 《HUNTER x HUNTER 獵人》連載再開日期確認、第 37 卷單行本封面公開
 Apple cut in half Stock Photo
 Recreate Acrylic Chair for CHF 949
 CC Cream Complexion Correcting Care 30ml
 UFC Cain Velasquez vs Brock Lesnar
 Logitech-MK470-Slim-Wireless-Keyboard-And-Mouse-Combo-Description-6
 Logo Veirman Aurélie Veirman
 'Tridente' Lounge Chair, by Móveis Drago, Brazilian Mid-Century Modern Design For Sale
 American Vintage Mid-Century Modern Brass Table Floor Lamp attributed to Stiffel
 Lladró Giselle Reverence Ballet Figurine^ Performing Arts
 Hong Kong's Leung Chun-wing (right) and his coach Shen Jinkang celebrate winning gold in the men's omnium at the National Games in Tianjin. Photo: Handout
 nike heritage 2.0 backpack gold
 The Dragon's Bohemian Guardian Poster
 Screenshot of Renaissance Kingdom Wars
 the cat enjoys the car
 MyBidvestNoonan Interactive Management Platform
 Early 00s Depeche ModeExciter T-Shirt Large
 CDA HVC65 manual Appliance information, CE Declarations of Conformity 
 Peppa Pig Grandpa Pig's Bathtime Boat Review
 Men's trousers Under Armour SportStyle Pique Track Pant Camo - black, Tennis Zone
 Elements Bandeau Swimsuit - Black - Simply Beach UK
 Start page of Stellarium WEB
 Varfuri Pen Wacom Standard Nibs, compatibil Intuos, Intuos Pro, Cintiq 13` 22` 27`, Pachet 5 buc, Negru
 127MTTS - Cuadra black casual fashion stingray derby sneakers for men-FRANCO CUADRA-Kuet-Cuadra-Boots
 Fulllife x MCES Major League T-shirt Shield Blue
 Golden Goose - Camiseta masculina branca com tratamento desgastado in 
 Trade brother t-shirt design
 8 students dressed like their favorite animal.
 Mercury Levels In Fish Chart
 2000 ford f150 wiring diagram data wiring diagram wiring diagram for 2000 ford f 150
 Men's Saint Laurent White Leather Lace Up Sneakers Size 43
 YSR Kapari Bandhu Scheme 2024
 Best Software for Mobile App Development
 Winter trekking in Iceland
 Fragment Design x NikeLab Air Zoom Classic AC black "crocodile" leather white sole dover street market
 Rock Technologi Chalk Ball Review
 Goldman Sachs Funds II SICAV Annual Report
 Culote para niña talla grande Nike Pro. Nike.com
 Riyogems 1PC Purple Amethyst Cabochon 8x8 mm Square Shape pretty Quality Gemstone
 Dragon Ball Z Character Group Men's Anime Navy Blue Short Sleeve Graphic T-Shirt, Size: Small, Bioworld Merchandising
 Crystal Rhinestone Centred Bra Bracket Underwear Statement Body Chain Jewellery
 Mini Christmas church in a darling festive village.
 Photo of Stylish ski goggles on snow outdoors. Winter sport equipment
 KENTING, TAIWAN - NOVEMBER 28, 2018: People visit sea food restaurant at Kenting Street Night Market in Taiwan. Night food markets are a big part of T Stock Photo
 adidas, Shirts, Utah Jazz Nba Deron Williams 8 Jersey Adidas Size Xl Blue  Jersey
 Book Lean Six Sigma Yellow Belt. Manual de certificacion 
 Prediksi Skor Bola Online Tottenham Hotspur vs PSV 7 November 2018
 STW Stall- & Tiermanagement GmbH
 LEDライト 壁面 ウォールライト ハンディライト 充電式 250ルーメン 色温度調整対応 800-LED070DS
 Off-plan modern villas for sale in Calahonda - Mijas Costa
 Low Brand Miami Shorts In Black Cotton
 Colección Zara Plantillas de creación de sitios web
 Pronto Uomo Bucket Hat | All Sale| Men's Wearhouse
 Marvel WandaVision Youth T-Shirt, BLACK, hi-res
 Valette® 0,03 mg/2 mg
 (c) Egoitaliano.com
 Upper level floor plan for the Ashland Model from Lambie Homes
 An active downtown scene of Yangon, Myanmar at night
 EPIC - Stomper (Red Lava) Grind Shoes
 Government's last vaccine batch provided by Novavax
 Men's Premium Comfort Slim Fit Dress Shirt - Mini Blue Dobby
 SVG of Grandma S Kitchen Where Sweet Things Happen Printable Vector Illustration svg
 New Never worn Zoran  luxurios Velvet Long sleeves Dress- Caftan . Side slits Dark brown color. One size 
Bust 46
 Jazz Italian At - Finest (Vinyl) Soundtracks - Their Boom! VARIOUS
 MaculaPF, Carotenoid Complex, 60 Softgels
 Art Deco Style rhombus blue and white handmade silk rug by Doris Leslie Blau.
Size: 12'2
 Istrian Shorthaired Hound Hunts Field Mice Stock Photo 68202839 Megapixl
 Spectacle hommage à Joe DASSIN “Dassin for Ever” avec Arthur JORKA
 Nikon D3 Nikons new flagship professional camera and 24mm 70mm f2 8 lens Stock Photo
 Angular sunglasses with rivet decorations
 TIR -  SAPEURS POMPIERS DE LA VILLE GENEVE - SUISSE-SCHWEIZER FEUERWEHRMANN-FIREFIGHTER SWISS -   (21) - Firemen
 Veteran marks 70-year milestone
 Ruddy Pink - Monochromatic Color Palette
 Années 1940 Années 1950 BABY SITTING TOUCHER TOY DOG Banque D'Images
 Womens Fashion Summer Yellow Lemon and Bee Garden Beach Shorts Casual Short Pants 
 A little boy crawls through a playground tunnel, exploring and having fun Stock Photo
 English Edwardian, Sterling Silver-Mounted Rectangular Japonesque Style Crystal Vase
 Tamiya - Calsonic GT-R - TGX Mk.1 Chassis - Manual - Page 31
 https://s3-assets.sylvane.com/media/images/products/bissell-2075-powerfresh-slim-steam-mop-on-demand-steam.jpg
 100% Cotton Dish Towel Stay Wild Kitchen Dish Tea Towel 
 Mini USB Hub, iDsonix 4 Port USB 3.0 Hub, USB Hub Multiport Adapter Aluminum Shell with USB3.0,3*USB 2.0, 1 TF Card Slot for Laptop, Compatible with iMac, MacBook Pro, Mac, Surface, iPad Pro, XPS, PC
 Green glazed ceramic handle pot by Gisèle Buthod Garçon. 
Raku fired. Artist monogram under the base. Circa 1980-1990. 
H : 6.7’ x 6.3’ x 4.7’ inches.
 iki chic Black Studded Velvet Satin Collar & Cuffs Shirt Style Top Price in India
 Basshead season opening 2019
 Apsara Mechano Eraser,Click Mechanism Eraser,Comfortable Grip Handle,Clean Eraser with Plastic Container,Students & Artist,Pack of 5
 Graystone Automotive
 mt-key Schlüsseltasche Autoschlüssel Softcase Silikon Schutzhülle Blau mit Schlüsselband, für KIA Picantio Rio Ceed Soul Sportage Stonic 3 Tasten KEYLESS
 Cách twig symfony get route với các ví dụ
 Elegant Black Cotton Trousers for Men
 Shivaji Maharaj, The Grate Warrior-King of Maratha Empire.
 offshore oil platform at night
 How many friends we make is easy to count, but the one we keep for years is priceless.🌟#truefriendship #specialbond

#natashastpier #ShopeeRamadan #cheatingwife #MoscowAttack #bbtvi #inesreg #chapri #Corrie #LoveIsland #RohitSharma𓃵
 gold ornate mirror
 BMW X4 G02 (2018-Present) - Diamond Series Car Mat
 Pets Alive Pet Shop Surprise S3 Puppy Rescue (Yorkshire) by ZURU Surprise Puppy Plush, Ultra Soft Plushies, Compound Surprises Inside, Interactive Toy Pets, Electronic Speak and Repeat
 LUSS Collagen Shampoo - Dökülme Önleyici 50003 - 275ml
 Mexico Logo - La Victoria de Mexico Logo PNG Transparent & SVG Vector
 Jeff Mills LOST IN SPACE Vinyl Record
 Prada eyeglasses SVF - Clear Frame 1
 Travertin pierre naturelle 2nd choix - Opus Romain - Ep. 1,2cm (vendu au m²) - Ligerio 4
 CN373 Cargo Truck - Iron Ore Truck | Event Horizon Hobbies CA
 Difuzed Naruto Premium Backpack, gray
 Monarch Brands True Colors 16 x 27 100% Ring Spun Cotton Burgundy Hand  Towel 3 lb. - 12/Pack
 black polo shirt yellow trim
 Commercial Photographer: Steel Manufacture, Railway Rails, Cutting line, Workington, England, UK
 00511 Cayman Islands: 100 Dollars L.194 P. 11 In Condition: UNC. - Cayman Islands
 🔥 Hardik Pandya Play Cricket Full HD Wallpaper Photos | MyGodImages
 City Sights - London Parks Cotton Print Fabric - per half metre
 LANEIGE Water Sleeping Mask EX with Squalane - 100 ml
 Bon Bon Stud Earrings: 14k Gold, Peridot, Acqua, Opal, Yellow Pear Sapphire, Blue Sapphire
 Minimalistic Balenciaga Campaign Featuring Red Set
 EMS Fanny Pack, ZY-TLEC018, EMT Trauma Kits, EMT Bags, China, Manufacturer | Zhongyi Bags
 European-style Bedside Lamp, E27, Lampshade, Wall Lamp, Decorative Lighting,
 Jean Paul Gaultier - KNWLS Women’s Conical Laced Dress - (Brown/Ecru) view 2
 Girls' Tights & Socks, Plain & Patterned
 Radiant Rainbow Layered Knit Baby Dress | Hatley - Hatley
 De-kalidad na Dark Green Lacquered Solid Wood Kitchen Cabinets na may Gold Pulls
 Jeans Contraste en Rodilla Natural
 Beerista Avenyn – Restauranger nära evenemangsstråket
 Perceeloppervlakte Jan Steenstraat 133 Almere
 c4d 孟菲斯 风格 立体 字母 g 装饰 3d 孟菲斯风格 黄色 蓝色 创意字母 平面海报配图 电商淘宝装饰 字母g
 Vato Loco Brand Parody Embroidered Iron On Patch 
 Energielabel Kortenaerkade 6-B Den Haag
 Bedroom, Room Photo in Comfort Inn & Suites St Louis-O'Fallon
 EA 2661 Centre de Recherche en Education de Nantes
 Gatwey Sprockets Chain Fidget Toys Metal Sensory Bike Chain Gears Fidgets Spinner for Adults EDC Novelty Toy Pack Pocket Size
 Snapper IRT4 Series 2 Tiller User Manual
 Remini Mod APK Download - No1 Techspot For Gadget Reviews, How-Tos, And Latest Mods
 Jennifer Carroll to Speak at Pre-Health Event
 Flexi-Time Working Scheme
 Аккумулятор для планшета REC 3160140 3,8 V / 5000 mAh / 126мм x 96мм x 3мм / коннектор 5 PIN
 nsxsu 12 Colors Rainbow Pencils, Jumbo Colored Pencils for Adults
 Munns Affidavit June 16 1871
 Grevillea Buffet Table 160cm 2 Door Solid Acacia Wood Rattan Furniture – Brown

## Instructions to follow
Beginning with the line containing "Recreate Acrylic Chair for CHF 949" in the material above, copy every line exactly until you have copied the line containing "the cat enjoys the car".

## The completed task
 Recreate Acrylic Chair for CHF 949
 CC Cream Complexion Correcting Care 30ml
 UFC Cain Velasquez vs Brock Lesnar
 Logitech-MK470-Slim-Wireless-Keyboard-And-Mouse-Combo-Description-6
 Logo Veirman Aurélie Veirman
 'Tridente' Lounge Chair, by Móveis Drago, Brazilian Mid-Century Modern Design For Sale
 American Vintage Mid-Century Modern Brass Table Floor Lamp attributed to Stiffel
 Lladró Giselle Reverence Ballet Figurine^ Performing Arts
 Hong Kong's Leung Chun-wing (right) and his coach Shen Jinkang celebrate winning gold in the men's omnium at the National Games in Tianjin. Photo: Handout
 nike heritage 2.0 backpack gold
 The Dragon's Bohemian Guardian Poster
 Screenshot of Renaissance Kingdom Wars
 the cat enjoys the car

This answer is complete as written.